Repository Clone → Code Chunking → Embedding → Chroma Vector Store
  • Chunking: RecursiveCharacterTextSplitter with chunk_size=1000, chunk_overlap=200, splitting on Python/JS/TS syntax boundaries
  • Embedding model: text-embedding-3-small (OpenAI) — cost-effective for code
  • Vector store: Chroma (local, persistent) — one collection per repository
  • Retriever: VectorStoreRetriever with k=8, similarity_threshold=0.3

Index Lifecycle

Trigger Action
First job on a repository Full index build (clones repo, chunks, embeds, stores)
Repository updated (webhook or manual trigger) Incremental re-index of changed files only
Index older than 24 hours on an active repo Background refresh triggered before next job

Limitations (v1.0)

  • Maximum repository size: 500MB
  • Supported languages: Python, JavaScript, TypeScript, Go, Java
  • Binary files, generated code, and node_modules are excluded from indexing

Agent Configuration

Users can configure each agent via the Settings page (Zone 1 header → Settings → Agents):

Setting Options Default
LLM Provider OpenAI, Anthropic OpenAI
Model (per agent) gpt-4o-mini, gpt-4o, claude-3-5-haiku, claude-3-5-sonnet See per-agent spec
LangServe Endpoint URL Any valid URL localhost defaults
Model Gateway URL Any valid internal URL http://litellm:4000
System Prompt Free text (advanced) Built-in default
Max Tokens 500–4000 1500
Temperature 0.0–0.5 0.0

Configuration is stored per-repository in the backend database.

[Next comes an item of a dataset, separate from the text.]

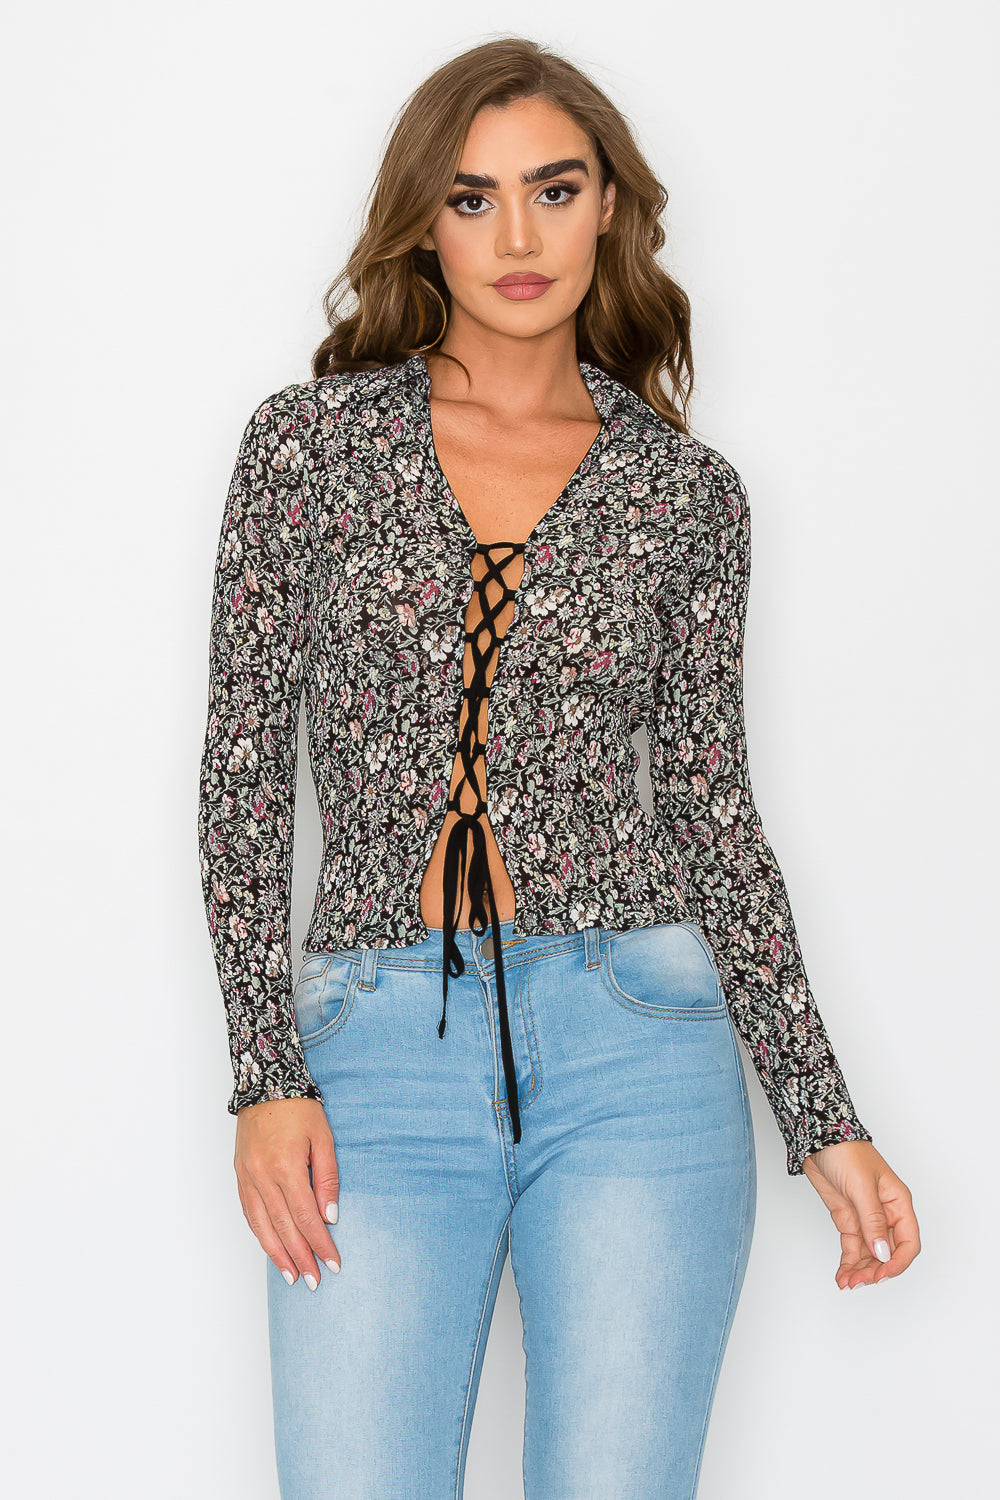 Lace up Pleated Printed Blouse

Changes take effect on the next job submission.


Inter-Agent Contract

All agents share a common interface contract to ensure the LangGraph supervisor can treat them uniformly.

HTTP Contract (LangServe)

Every LangServe endpoint must accept:

  • POST /agents/{name}/invoke with JSON body { "input": { ...AgentInput fields } }
  • Return { "output": { ...AgentFinding fields } }

AgentFinding Base Fields

Every agent output must include these base fields regardless of agent-specific fields:

class AgentFindingBase(BaseModel):
    agent_name: str
    summary: str
    confidence: float  # 0.0–1.0
    reasoning: str
    error: str | None

The supervisor reads confidence and error to decide whether to accept the finding, retry, or escalate to human input.